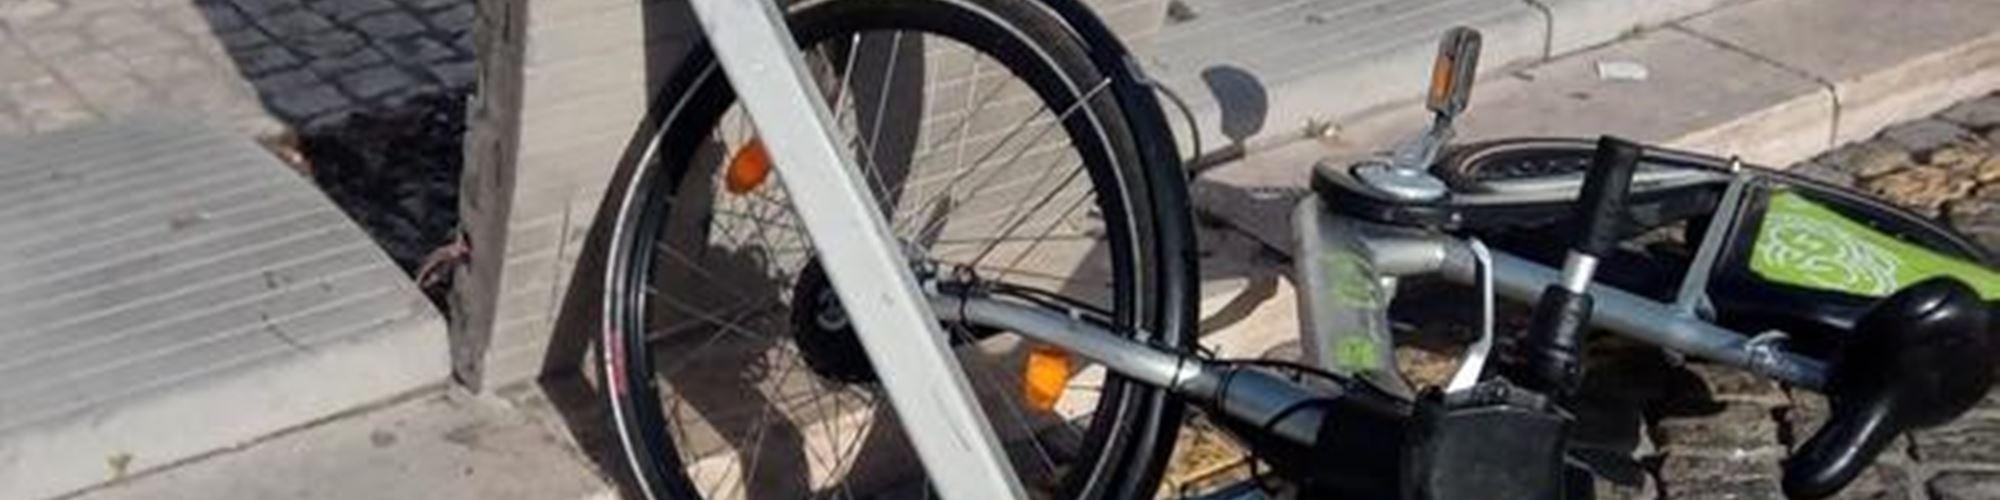 Centenas de bicicletas vandalizadas em Lisboa em apenas 15 dias
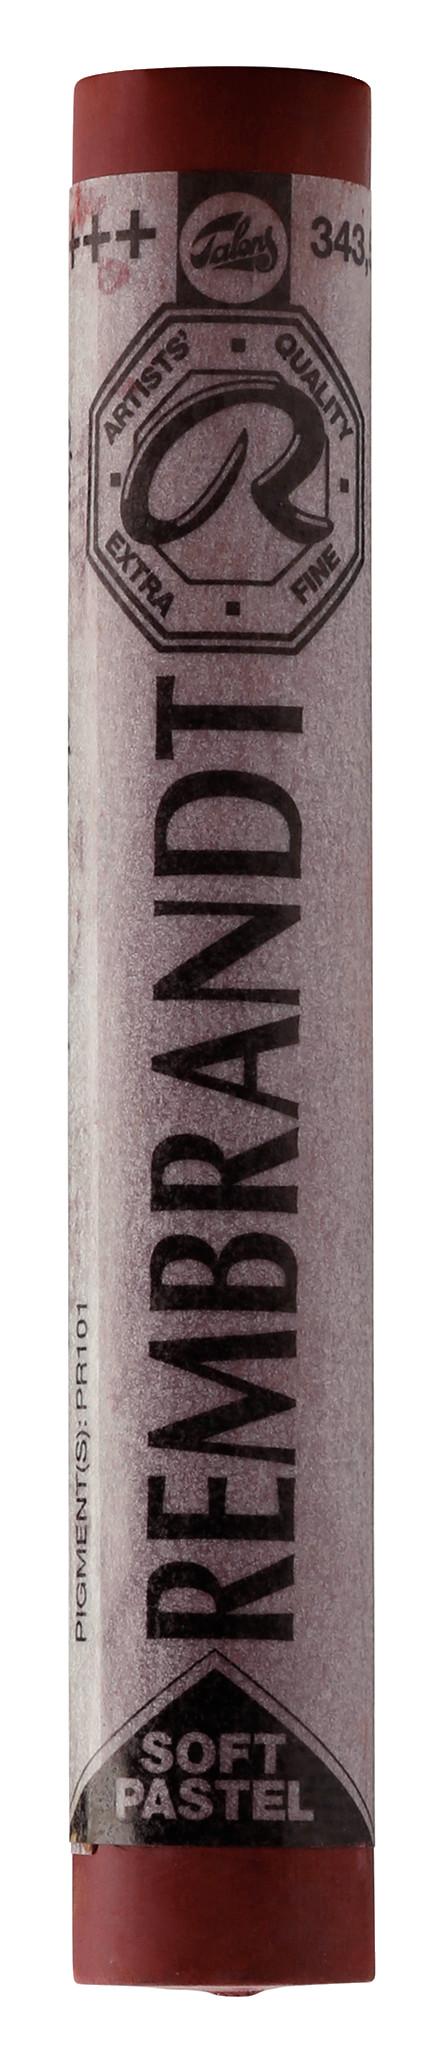 Rembrandt Soft Pastel Round Full Stick Caput Mortuum Violet(5) (343.5)
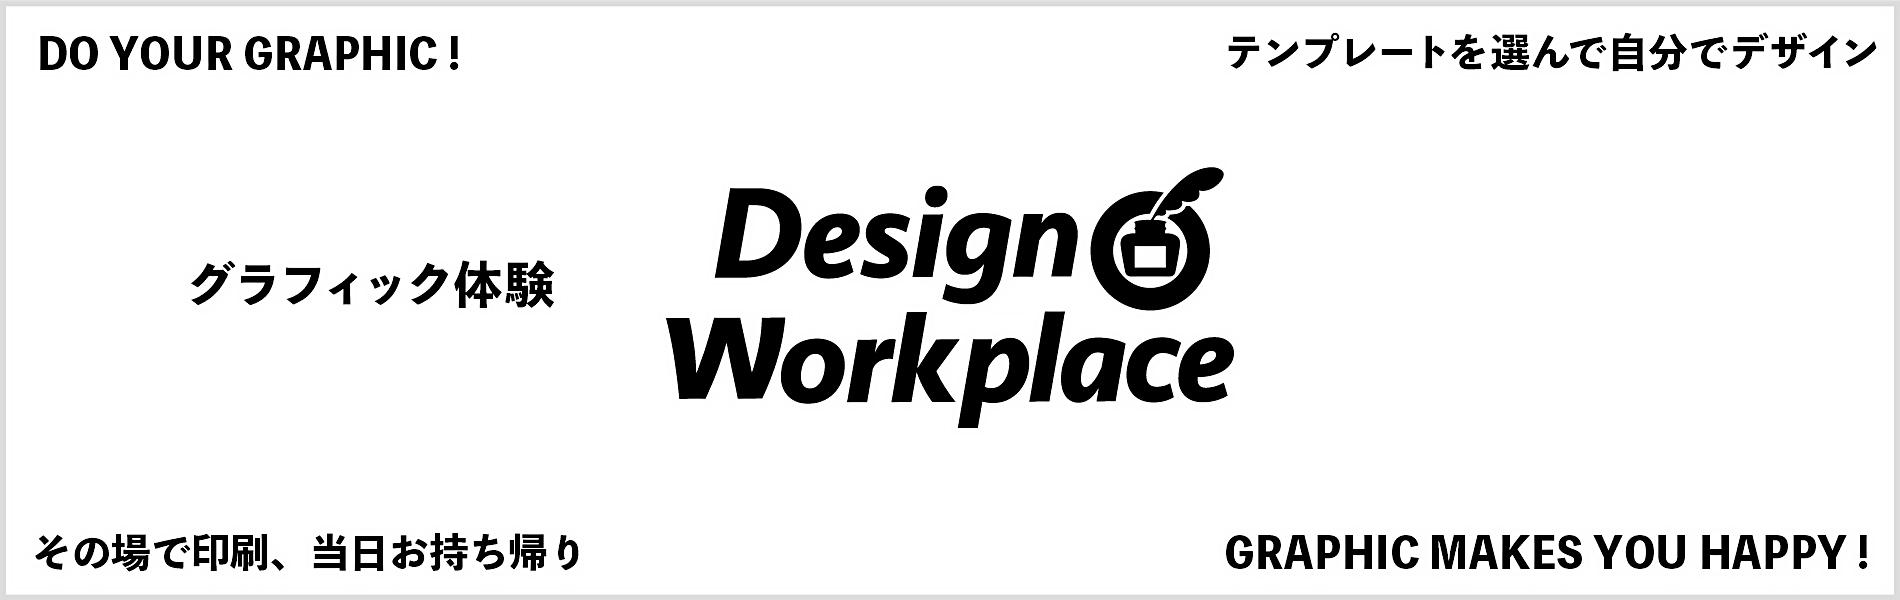 グラフィック,デザイン,体験,教室,ワークショップ
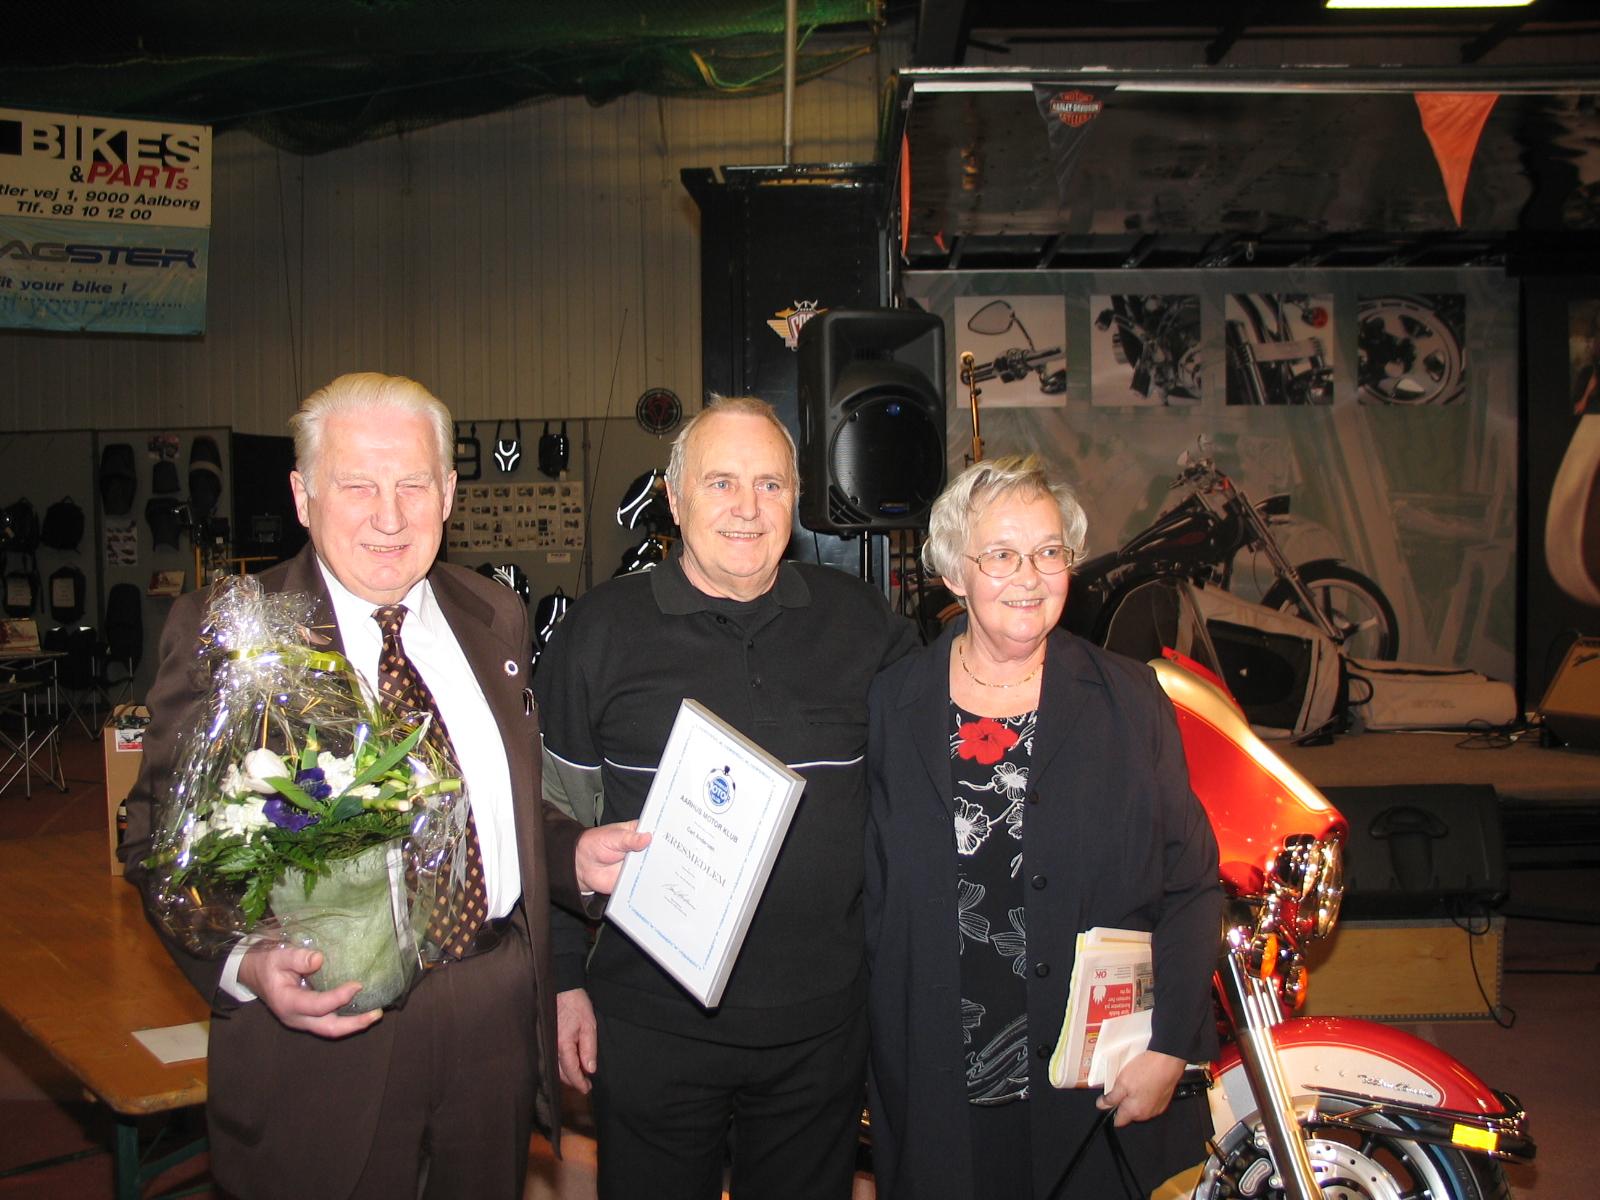 Carl, Finn Pauli og Carls kone Tove.
------
Type the lines above out again exactly as they appear, skipping every picture.

RESULT FOR THIS TASK:
 Centenas de bicicletas vandalizadas em Lisboa em apenas 15 dias
 Rembrandt Soft Pastel Round Full Stick Caput Mortuum Violet(5) (343.5)
 グラフィック,デザイン,体験,教室,ワークショップ
 Carl, Finn Pauli og Carls kone Tove.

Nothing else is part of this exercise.